Gave it the old college try.  Got passed around to a whole bunch of different places.  The Hotel itself is taking the postion that they are the Hotel end and have nothing to do with Wyndham Vacation Resorts or the timeshare portion.  Heck, cannot even get to the sales staff through them.  

Even tried one of their managers, same effect.  It appears at this point, that they will not have anything to do with Wyndham people.  I even told them I was interested in coming up to visit the facility, could not even get a quote on a price once the 20 question routine was done and they figured out that I was interested primarily in the timeshare.

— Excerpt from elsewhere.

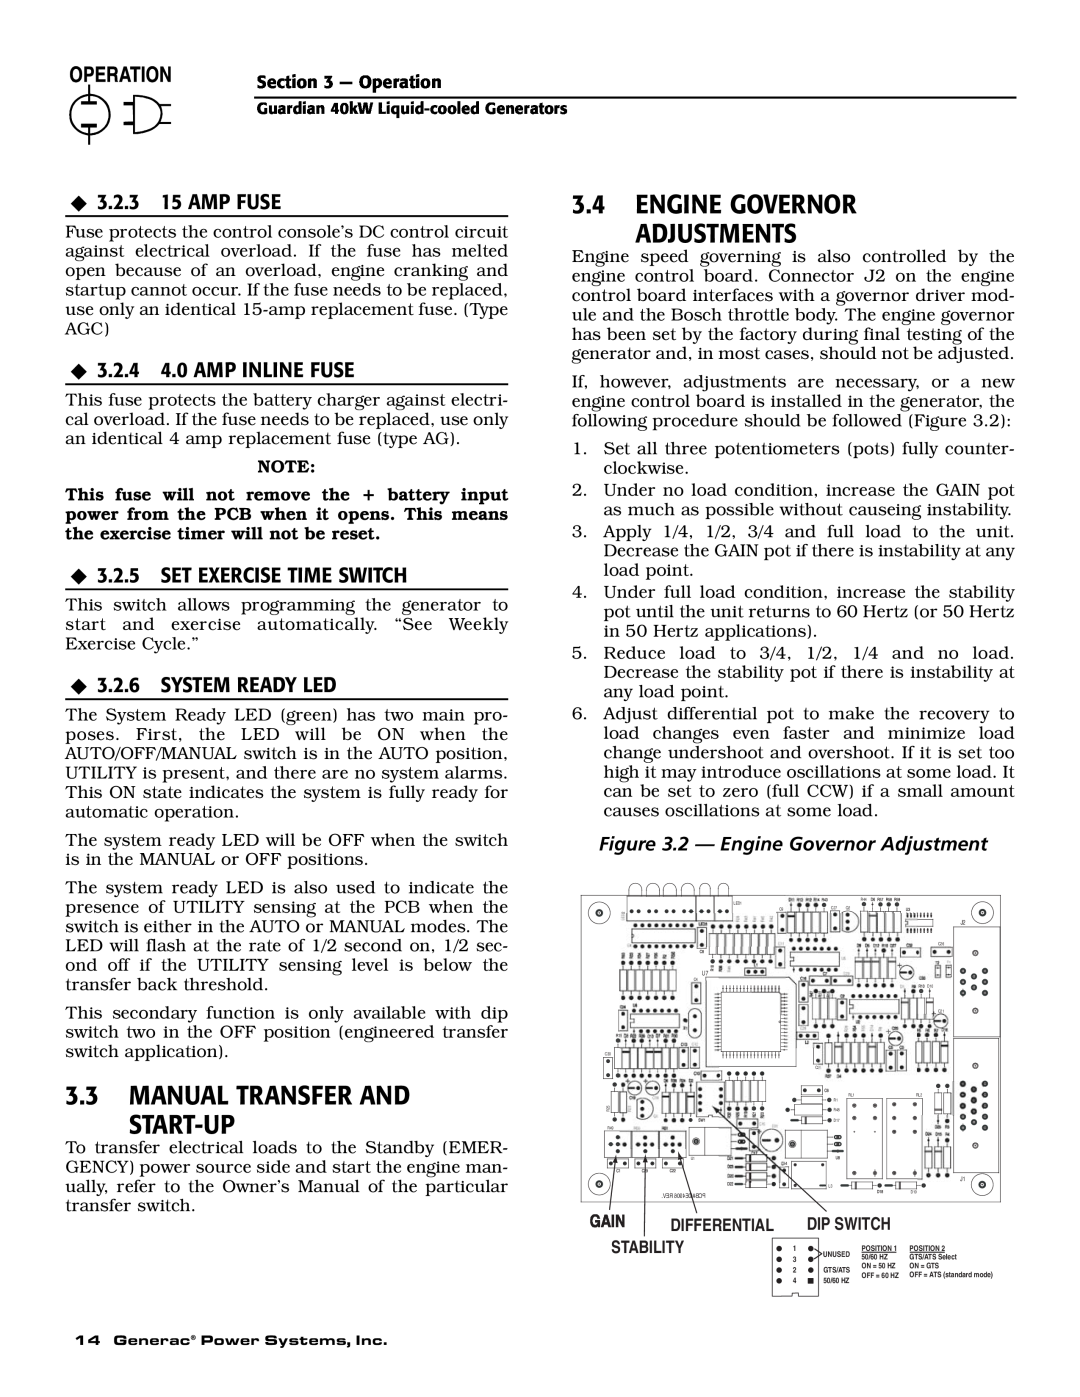 Generac Power Systems 004992-0, 004992-1 3.4ENGINE GOVERNOR ADJUSTMENTS, 3.3MANUAL TRANSFER AND START-UP, Dip Switch

Found an early article on the Wyndham purchase of of the Hotel/Extended Stay property.  It indicated that 203 units were going to Wyndham Vacation Ownership to use as Timeshares.  If this is basically all of the units going that general direction, this is probably why there is no love lost between the current Hotel staff and the Wyndham Sales arm/Corporate Wyndham.


"Midtown hotel to become a time-share The 203-room Alex Hotel on East 45th Street will undergo an extensive renovation to emerge as the new Wyndham Midtown 45. It will join a handful of such lodgings in the city ... By Lisa Fickenscher May 2, 2013 1:21 p.m. ... Wyndham Midtown 45 The Alex Hotel at 205 E. 45th St. will become a a time-share operated by Wyndham Vacation Ownership. ... The Alex Hotel at 205 E. 45th St. is now a Wyndham property ... Beginning this summer the new owner will convert the 203-room hotel, renamed Wyndham Midtown 45, to a time-share operated by Wyndham Vacation Ownership, according to Jeff Wagoner, president of Wyndham Hotel Group  Management ... The Alex Hotel had been in foreclosure. Wyndham Vacation Ownership will purchase the property in pieces over the next three years, according to the company. The sale price, $115 million, was reported by The Real Deal in February.  The 10-year-old property had been positioned as extended-stay lodging, because half of the rooms are suites that are equipped with kitchens and living rooms. Some even boast multiple bathrooms and bedrooms.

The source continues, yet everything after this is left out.